There are five active investigations in the pipeline, four of which CPS war crimes specialists believe could result in viable cases to put before juries.

One, involving the activities of a deputy police commander in former Byelorussia (now Belarus), has been recommended for prosecution, although further material is being gathered before the Attorney General, who must sanction all prosecutions, is asked to give a decision.

The other investigations include a further case involving Belarus, one concerning a mobile killing unit in Ukraine, and another involving events at Mauthausen concentration camp in Austria. Mauthausen was the only Category 3 concentration camp, where the Nazis sent people they considered totally incapable of converting to their cause.

The CPS has so far spent around pounds 2m on initial investigations after the 1991 War Crimes Act was passed and on detailed work on the Serafinowicz and other cases.

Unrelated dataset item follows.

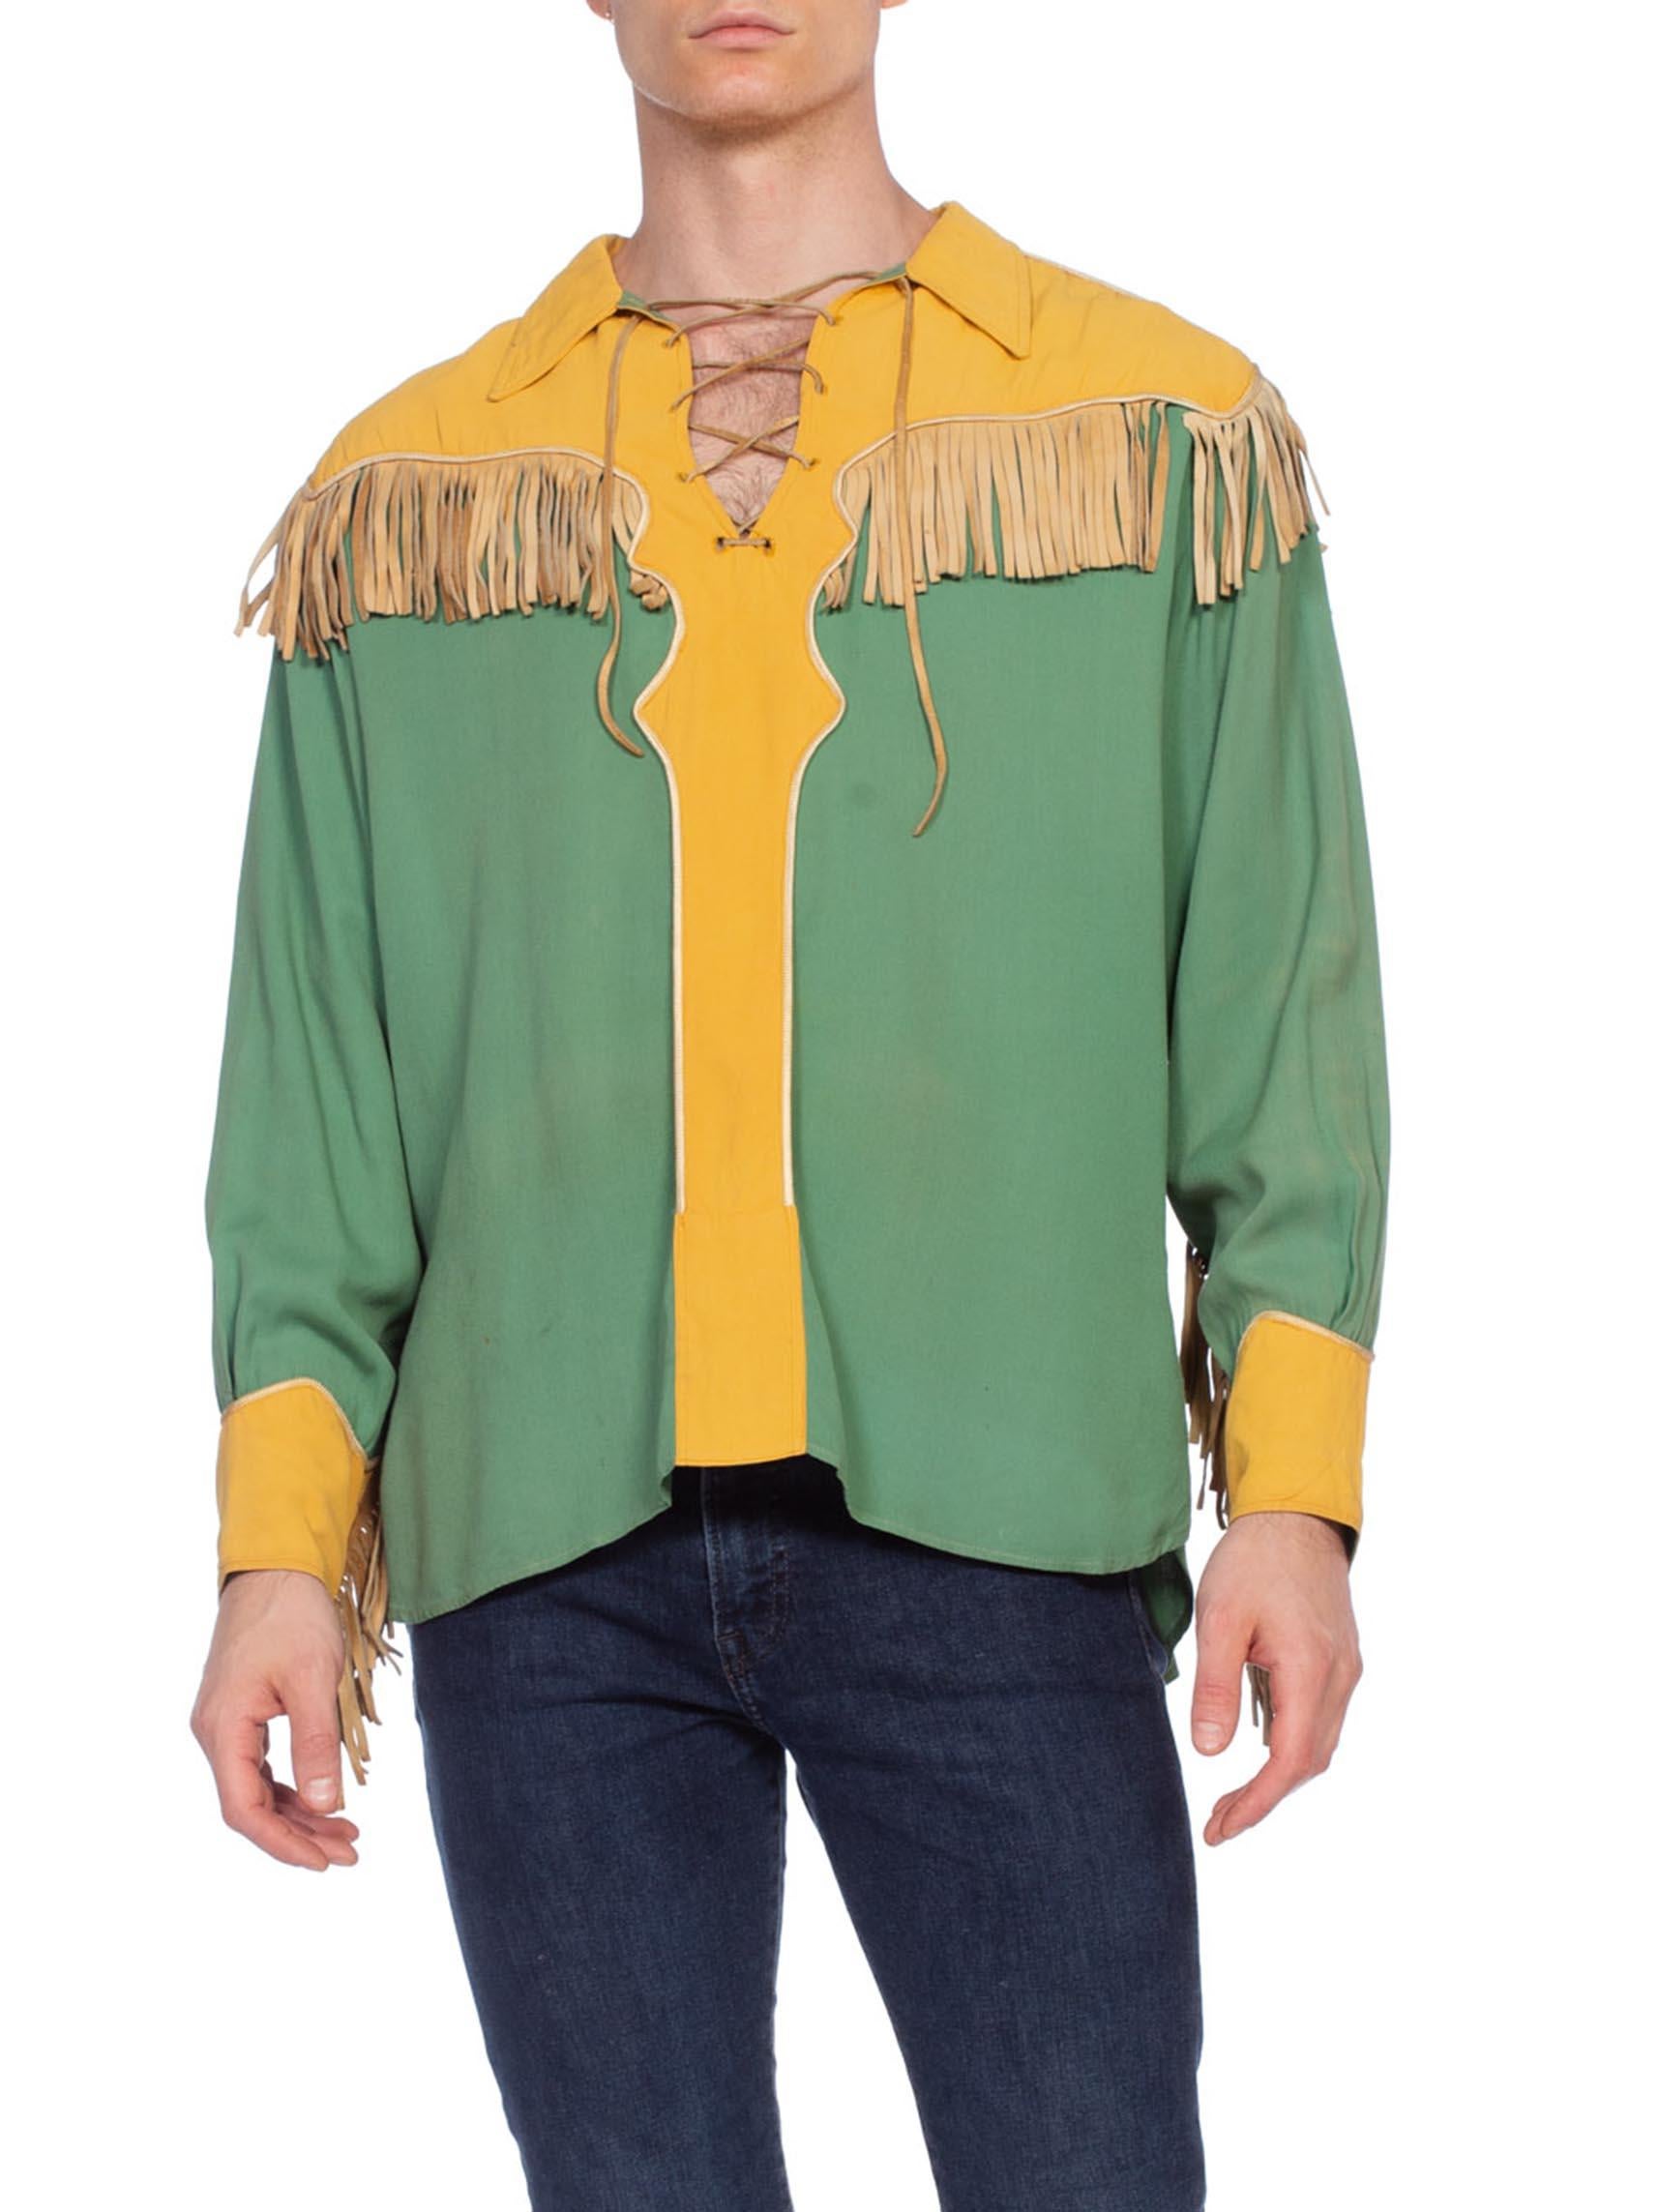 Phenomenal condition for the age, some areas of soiling however no gross stains nor perspiration wear. The leather is in pretty good shape and is not brittle nor stiff. VERY rare custom made western shirt.  1940'S Green & Gold Rayon Rare Men's Gene

The investigations began with an examination of 369 potential cases. But 112 of the potential defendants had died. The service also took the decision not to prosecute cases of single killings, as opposed to participation in multiple or mass murder. Ten cases were identified for detailed investigation and police officers and lawyers began visits to Belarus and other Eastern European countries.

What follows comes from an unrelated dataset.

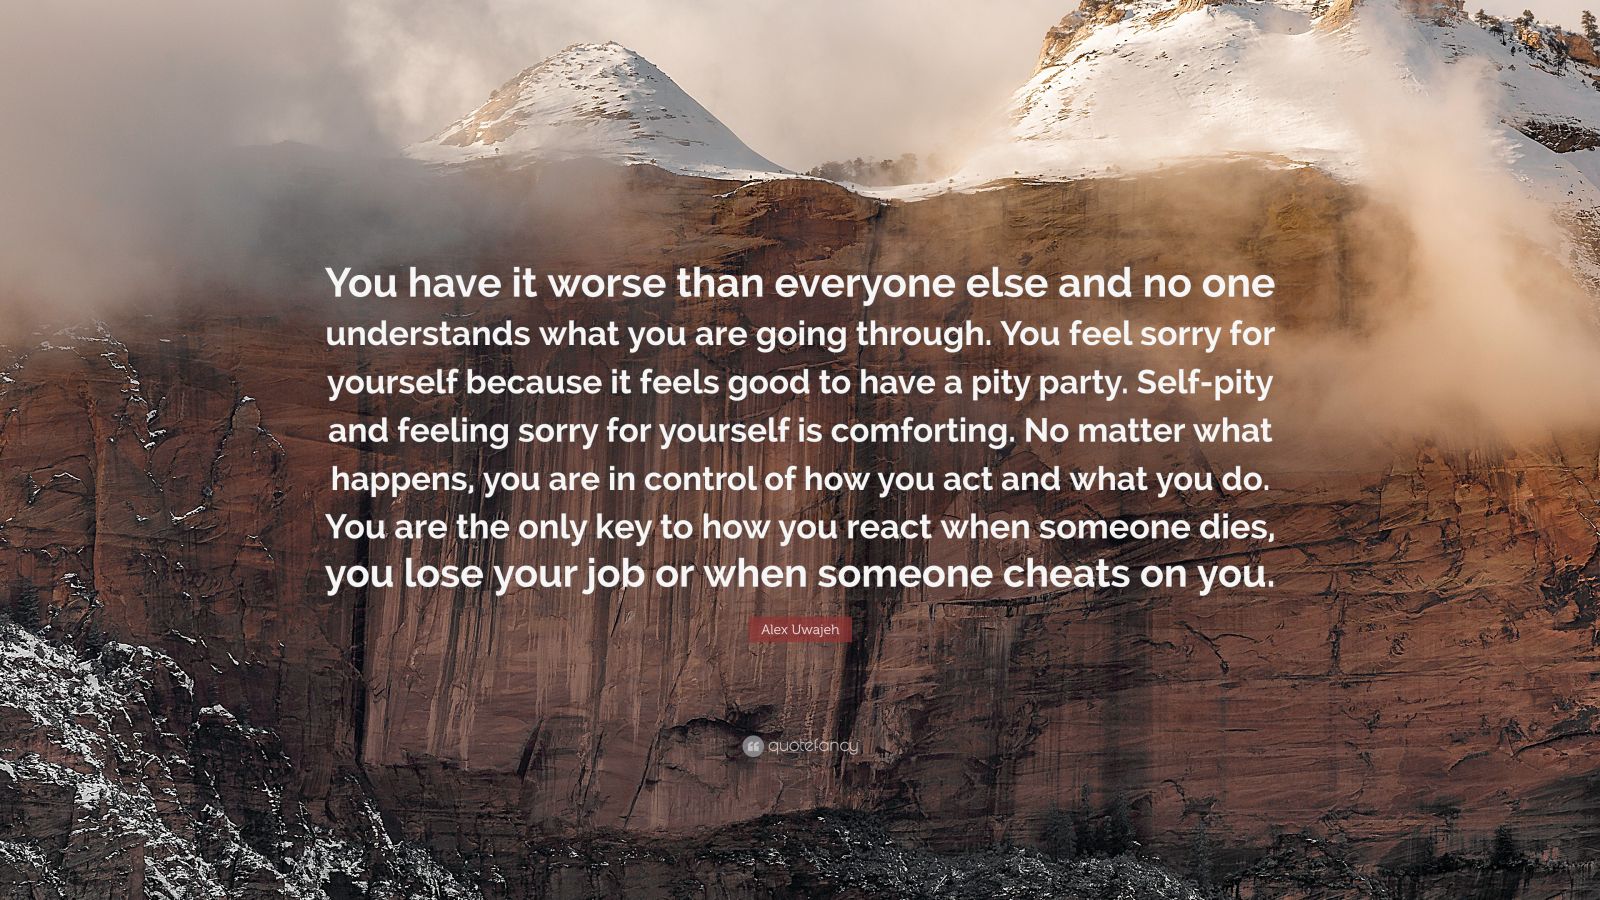 Alex Uwajeh Quote: “You have it worse than everyone else and no one ...

A prosecution source said the CPS could "live with" the result in the Serafinowicz case because the defendant had been committed for trial on the strength of detailed evidence, and the Crown had won a crucial argument in a hearing last month that a trial would not be an abuse of process because it could not be fairly conducted so long after the event.

It would have been technically possible for the Crown to have pressed on with what is known as a "trial of the facts" in the Serafinowicz case in the absence of the defendant.

But Sir Derek Spencer, the Solicitor General, told the judge yesterday that this would be "wholly inappropriate in a case such as this, where the disability arises because of old age and infirmity".